О стихотворении рассуждали, говорили, между прочим, что это пародия, я задумался над этим словом. 

И пришло мне в голову, что если бы эту лежащую под столом чёрную пародию на сеттера да попасть где-нибудь в укромном месте — уже я бы ему показал ! 

Были на охоте, попали на высыпку богатейшую, но мой хозяин был решительно неузнаваем. 

Он пуделял так бессовестно, что я приходил не только в недоумение, но даже в отчаяние. Рядом со мною работала Лола. Она превосходно работает, даже, можно сказать, лучше меня. 

Да и, вообще, она премилая особа. 

Орбанов же просто делал чудеса: от его длинного Франкотта не уходила буквально ни одна птица. Дублеты по бекасам он делал такие, что я останавливался и поджимал хвост. Я в первый раз в жизни видел такую стрельбу. 

Недаром Лола хорошо работает: у этого стрелка работать — одно наслаждение. 

У конца болота мы сошлись с Орбановым. у Алексея Петровича болталось всего три дупеля, бекас да курочка, на Орбанове места не было не увешанного долгоносиками. 

— Что, Алеша, только и всего? – обратился он к моему хозяину. 

— Не могу я стрелять сегодня! – отвечал Алексей Петрович, – я расстроен с самого утра. 

Орбанов поглядел на него с участием.
— Бери мою дичь!
— Зачем это?
—- Бери! Не захочешь же ты, голубчик, чтоб Куксин окидывал тебя презрительными взглядами.
При имени Куксина моего хозяина передёрнуло. — А чёрт с ним!
— А ты всё-таки бери. Резонно тебе говорю!

— А вы как?..
— Мне что, старику?! Скажу, дичи не нашёл. Мою стрельбу знают и никакой Куксин рожи кривить не будет.
— Нет, всё-таки…
— Бери, говорю! Мне же легче тащиться будет… ну бери половину: хватит на двух.
И он стал отцепливать и бросать на траву одного дупеля за другим. Алексей Петрович взял штук пятнадцать, от прочих отказался. 

На привале мы застали уже всех прочих охотников, в том числе и князя Куксина-Передряпина. 

Его дорогая двухстволка была прислонена к дереву, на сучке висел новенький ягдташ, к ремешкам которого было прицеплено штук шесть дупелей: недалеко лежала противная черная пародия на сеттера, облизывая лапы. Сам князь полусидел полулежал, нахально задрал кверху свой крохотный носик, презрительно поглядывая на всех и куря дорогую сигару. Я сразу определил, что сигара была дорогая, к сигарному запаху я привык ещё давно, ещё когда был щенком и жил в доме хозяина моей мамаши. 

До сих пор вспоминается мне его обычная фраза: dans la vie il п у а que trois principes: le vin, la femme et la cigare. Вина я не пил, ибо, как известно, собаки отличаются трезвостью своего поведения, с женщинами был мало знаком по своему щенячьему положению, ну а сигарного дыму нанюхался вволю. От него никуда нельзя было уйти.
Пили чай, лениво разговаривали, Алексей Петрович, видимо, старался не обращаться к князю, а мы с чёрной пародией, пользуясь случаем, забрались в кусты и учинили дуэль. Дуэль настоящую, как следует быть, и если бы нас не растащили за хвосты, а не знаю, чем бы она кончилась. Проклятая пародия оказалась гораздо сильнее, чем я ожидал. Хорошо ещё, что зубы у неё не особенно острые, но и так я не могу сказать, что дёшево отделался. Целую неделю потом весьма и весьма многие части моего организма болели так, что нельзя было дотронуться. В особенности левой передней лапе досталось. И как я умудрился всунуть её ему в пасть, до сих пор не понимаю. 
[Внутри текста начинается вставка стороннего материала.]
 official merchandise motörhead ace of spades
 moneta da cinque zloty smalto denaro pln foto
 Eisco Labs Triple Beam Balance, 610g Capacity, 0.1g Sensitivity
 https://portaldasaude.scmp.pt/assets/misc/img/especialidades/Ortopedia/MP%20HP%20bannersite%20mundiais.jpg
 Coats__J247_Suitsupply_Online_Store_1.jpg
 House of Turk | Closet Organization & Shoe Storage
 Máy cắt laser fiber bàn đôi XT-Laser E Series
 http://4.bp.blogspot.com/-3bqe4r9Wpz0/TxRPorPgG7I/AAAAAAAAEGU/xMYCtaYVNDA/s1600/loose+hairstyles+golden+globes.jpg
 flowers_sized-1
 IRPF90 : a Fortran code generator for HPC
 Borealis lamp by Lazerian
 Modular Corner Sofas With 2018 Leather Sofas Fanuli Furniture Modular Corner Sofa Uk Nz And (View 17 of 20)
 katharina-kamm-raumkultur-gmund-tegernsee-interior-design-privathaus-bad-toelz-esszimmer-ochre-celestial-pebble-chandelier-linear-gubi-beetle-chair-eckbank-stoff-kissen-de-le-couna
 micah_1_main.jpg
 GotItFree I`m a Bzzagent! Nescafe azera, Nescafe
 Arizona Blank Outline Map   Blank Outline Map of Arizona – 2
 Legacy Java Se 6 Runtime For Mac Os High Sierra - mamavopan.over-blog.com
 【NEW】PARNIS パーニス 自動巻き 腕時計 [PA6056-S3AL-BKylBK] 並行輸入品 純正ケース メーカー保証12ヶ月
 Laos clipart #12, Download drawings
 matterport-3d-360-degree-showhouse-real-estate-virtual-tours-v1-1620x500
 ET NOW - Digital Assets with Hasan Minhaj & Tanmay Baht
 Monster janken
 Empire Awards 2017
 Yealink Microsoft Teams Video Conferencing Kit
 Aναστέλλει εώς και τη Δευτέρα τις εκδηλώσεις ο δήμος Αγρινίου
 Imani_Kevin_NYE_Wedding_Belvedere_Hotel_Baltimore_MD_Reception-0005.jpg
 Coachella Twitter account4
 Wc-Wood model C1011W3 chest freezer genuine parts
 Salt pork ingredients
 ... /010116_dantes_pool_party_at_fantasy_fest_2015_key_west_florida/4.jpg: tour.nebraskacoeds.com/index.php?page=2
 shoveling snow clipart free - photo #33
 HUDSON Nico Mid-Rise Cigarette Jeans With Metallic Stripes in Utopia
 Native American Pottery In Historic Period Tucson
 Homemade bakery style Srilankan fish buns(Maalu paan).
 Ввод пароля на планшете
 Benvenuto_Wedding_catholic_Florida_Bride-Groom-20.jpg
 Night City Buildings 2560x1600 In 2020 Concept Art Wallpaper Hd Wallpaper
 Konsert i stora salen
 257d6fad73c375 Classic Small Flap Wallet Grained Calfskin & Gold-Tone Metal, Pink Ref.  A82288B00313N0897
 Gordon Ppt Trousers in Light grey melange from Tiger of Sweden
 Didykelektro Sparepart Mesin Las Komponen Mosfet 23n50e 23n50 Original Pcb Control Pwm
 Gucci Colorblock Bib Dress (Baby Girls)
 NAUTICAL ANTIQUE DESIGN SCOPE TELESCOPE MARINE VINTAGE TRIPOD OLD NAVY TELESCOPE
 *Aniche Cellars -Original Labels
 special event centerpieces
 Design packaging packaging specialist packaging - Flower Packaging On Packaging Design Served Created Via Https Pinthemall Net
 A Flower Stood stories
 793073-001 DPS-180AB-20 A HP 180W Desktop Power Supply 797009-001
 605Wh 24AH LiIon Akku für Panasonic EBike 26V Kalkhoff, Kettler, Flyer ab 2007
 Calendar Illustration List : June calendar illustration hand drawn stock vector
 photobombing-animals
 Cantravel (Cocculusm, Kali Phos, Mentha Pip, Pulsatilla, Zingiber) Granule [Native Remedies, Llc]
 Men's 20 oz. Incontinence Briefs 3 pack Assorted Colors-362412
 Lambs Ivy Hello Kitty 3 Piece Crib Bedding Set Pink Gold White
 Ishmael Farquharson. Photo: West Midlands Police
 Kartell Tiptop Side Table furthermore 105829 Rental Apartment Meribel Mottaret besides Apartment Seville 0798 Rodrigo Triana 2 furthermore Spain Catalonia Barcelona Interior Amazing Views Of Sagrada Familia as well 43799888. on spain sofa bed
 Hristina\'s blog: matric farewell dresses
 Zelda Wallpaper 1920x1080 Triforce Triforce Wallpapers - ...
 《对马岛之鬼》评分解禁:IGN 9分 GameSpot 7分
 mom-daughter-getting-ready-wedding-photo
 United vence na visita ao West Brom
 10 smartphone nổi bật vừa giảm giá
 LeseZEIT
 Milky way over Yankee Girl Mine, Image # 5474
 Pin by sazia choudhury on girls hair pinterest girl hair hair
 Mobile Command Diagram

Полагаю однако, что у него остались воспоминания и даже очень теплые. 

К нам постучались в дверь. 

Алексей Петрович что-то писал в это время; я вылез из-под стола и, по долгу службы и верности, порычал немножко. Алексей Петрович приказал мне замолчать и отворил дверь. 

В комнату впорхнула красавица с пышными золотистыми волосами. 

Лицо её показалось мне знакомо. Я стал припоминать, так точно, это она, девочка, ласкавшая нас, когда мы были маленькими. 

Чтоб лучше удостовериться, я подошел и обнюхал её — она. 

И она меня узнала, назвала по имени, схватила по старому за голову и поцеловала в лоб. 

Обрадовался я несказанно, я визжал, прыгал и вилял хвостом до изнеможения. 

Однако Алексей Петрович скоро прогнал меня на место, они уселись на диванчике. 

Как глядели они друг на друга, как обнимали, как лизали друг друга! 

Особенно старался Алексей Петрович: он лизал ей и руки, и глаза, и губы, а она так нежно склоняла к нему милую головку с золотистыми волосами. 

На собачьем языке это называется любовью; впрочем, и на человечьем эта штука кажется так же называется. 

С этого времени Алексей Петрович сделался решительно никуда негоден. Я даже подозреваю, что он стал стихи сочинять. 

От работы он совсем отбился и только по целым часам сидел неподвижно, задравши нос кверху и пристально глядя на потолок. 

Я тоже пробовал глядеть на потолок, желая узнать, что привлекает взоры моего хозяина, но потолок был как потолок, и на нём ничего особенного не было. 

По временам он произносил какие-то бессмысленные слова, по всем вероятностям, чью-то кличку. 

— Вера!… Вера!…При этом иногда прибавлялось: 

— У-у-у!… 

Я не без основания предполагал, что у него проявляется желание повыть немножко и что он только стесняется в присутствии такого специалиста по этой части, как я. 

Пробовали мы и на охоту ходить. И что это была за охота?! Сказать совестно, одно горе! 

Стоишь, стоишь над дупелем, даже поджилки у тебя заболят, а Алексей Петрович тоже стоит, курки у него не взведены, глаза бессмысленные. Чёрт знает что такое! 

Подойдет наконец, скажет: пиль! поднимешь ему дупеля, как нельзя быть лучше, а он вскинет ружьё да сейчас же и опустит, так и не выстрелит. 

— Лети, скажет, с Богом! Не могу я теперь ничьей живой души загубить, даже птичьей! В конце концов, я даже перестал искать, а начал за жаворонками гоняться – все же оно веселее. 

И Алексей Петрович ничего, даже рукой не махнёт. 

А в прежнее время за этакую штуку он так бы меня отработал по методе Белькруа, что шерсть бы клоками летела.

Белокурая красавица приходила к нам довольно часто. Прибежит, посидит несколько минут на диванчике, перекинется несколькими словами с Алексеем Петровичем, лизнет он ей раза два, три руки, она и убежит. 

И что с ним делалось после этих посещений — сказать нельзя. После прыгает, дурачится, ну точь-в-точь трёхмесячный щенок. 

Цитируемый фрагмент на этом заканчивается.